I too, have never had a problem with Boats.net. Within the past few months, I placed an order for a near obsolete gasket kit for my 72' Evinrude, not only did they keep me in the loop as far as availability and ETA goes, but they got me the kit quicker than estimated, when the local dealer told me it was completely unavailable. 

Within the past few weeks, I placed an order for the same engine, all new ignition components, which was placed on a Wednesday, and I received the parts on that coming Friday, with standard shipping. 

Not to mention all those parts were ordered for FAR less than anywhere else. 

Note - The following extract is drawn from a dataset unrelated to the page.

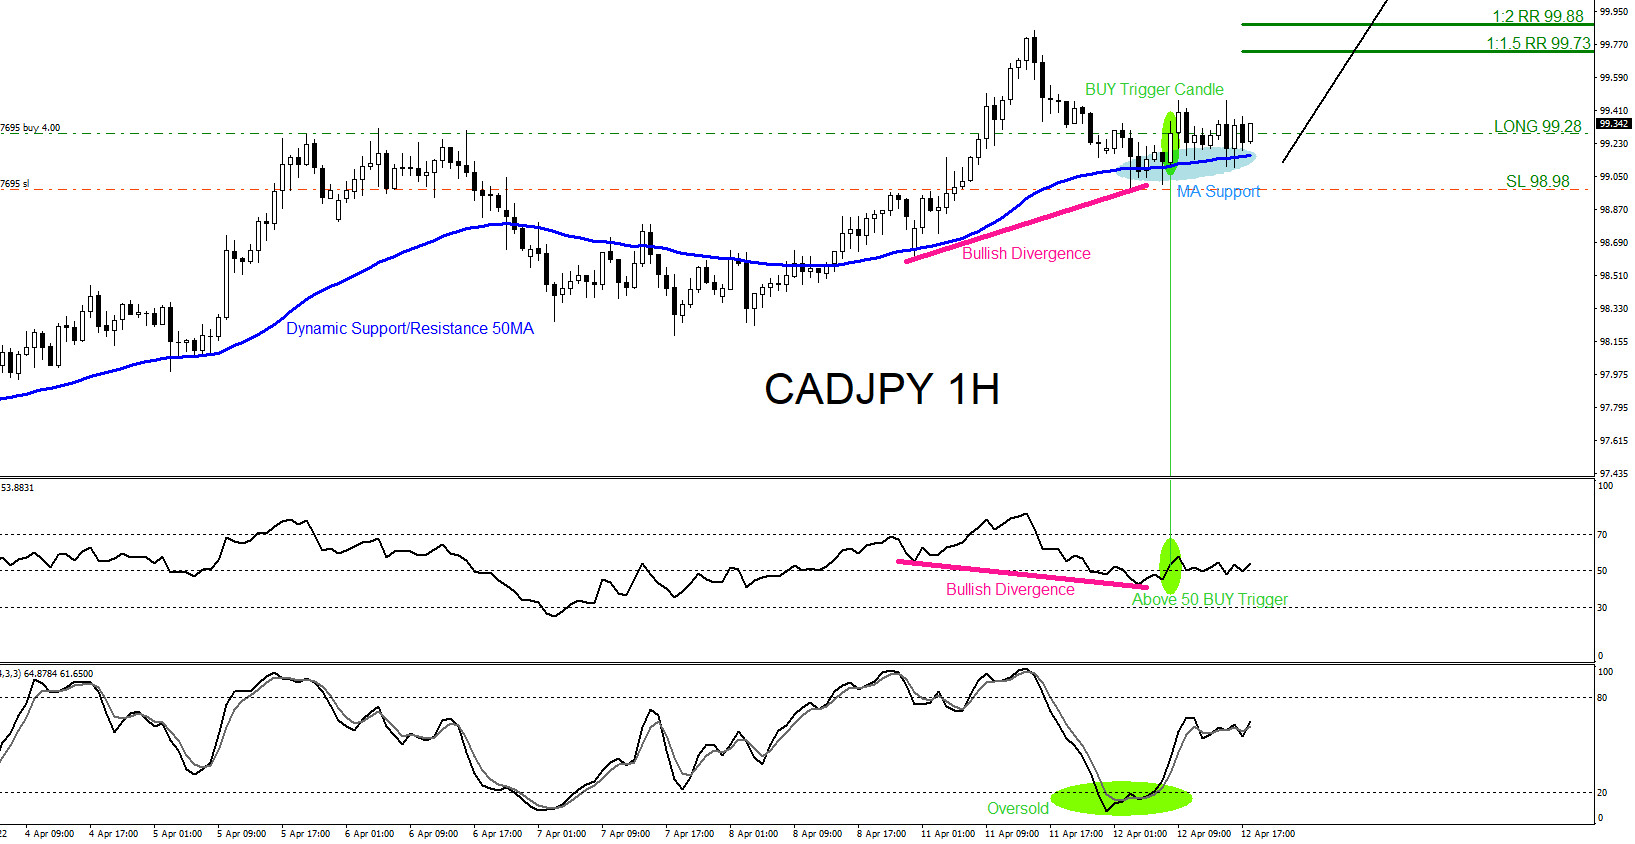 CADJPY : Catching the Buy Setup for a Move Higher

I understand people have had problems with them in the past, I just have never seen any issues at all with them. 

Steve


----------



## deerfly (Mar 10, 2007)

I haven't done much business with them, but when I got my yami tiller and associated rigging etc, I mistakenly ordered the wrong cable set and they helped me determine the correct set and had them at my door step the next morning and credited the difference when they received the set I returned. This was a couple years ago, so maybe things are different now, but I have no qualms with them. Dave, there may be something in the rolling papers, you might want to try switching brands and see if that helps any.  ;D


----------



## beyondhelp (Nov 6, 2008)

Just got an order from them yesterday. Now I know why it took a little longer. Still only took 9 days. 


As a sysadmin, I can say I have been on the other end of that stick and it can get a bit stressful.


----------



## noeettica (Sep 23, 2007)

They did not have my prop in stock !

The prop was the main Item !

Had to order it from Iboats so now I have to pay double shipping ...

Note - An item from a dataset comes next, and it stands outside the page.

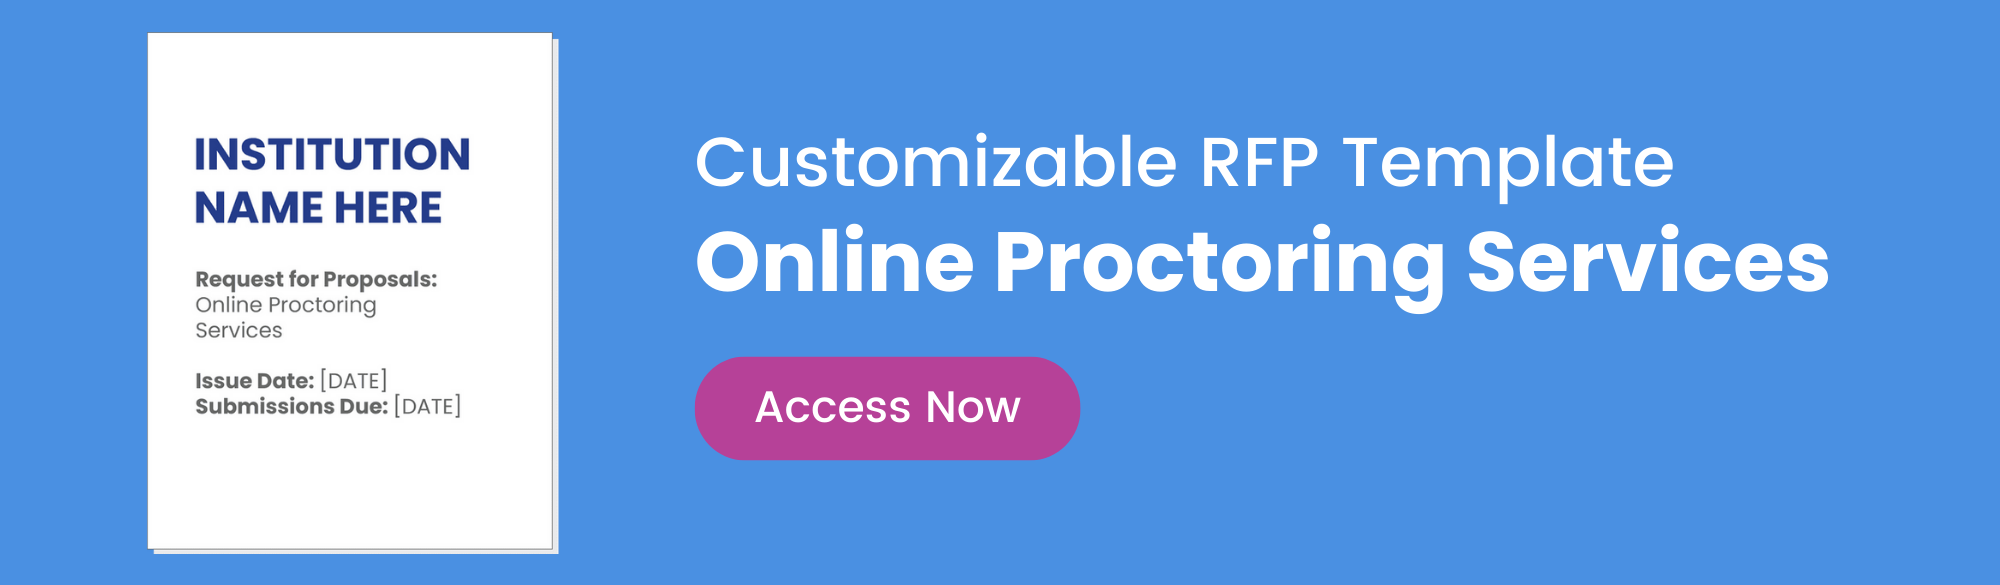 Download a free customizable RFP template for online proctoring

Good news is my prop is in Kansas LOL will be here Friday ...where can I test this weekend that won't be a ZOO !!!

The rest of my stuff from Boats.net is in La La Land ...LOL


----------



## beyondhelp (Nov 6, 2008)

Wonder if Floridasportsman and boats.net have the same admin crew....


----------



## flyfshrmn82 (Oct 12, 2007)

Thanks for the info.


----------



## noeettica (Sep 23, 2007)

Boats.net charged me for a part ...showed it shipped ... NOT in package ! Called customer service 45 minutes on hold ! They have NO Idea where my part is ..(they admitted to NOT shipping it).they will let me know ... LOL 


****************************** Oh I forgot CAMETA Camera Rocks !!! Pelican cases SUCK !!! **************************************


----------



## schiley1 (Oct 23, 2010)

Never had a problem with boats.net or Iboats, very fast processing and shipping, very happy with both, Ed


----------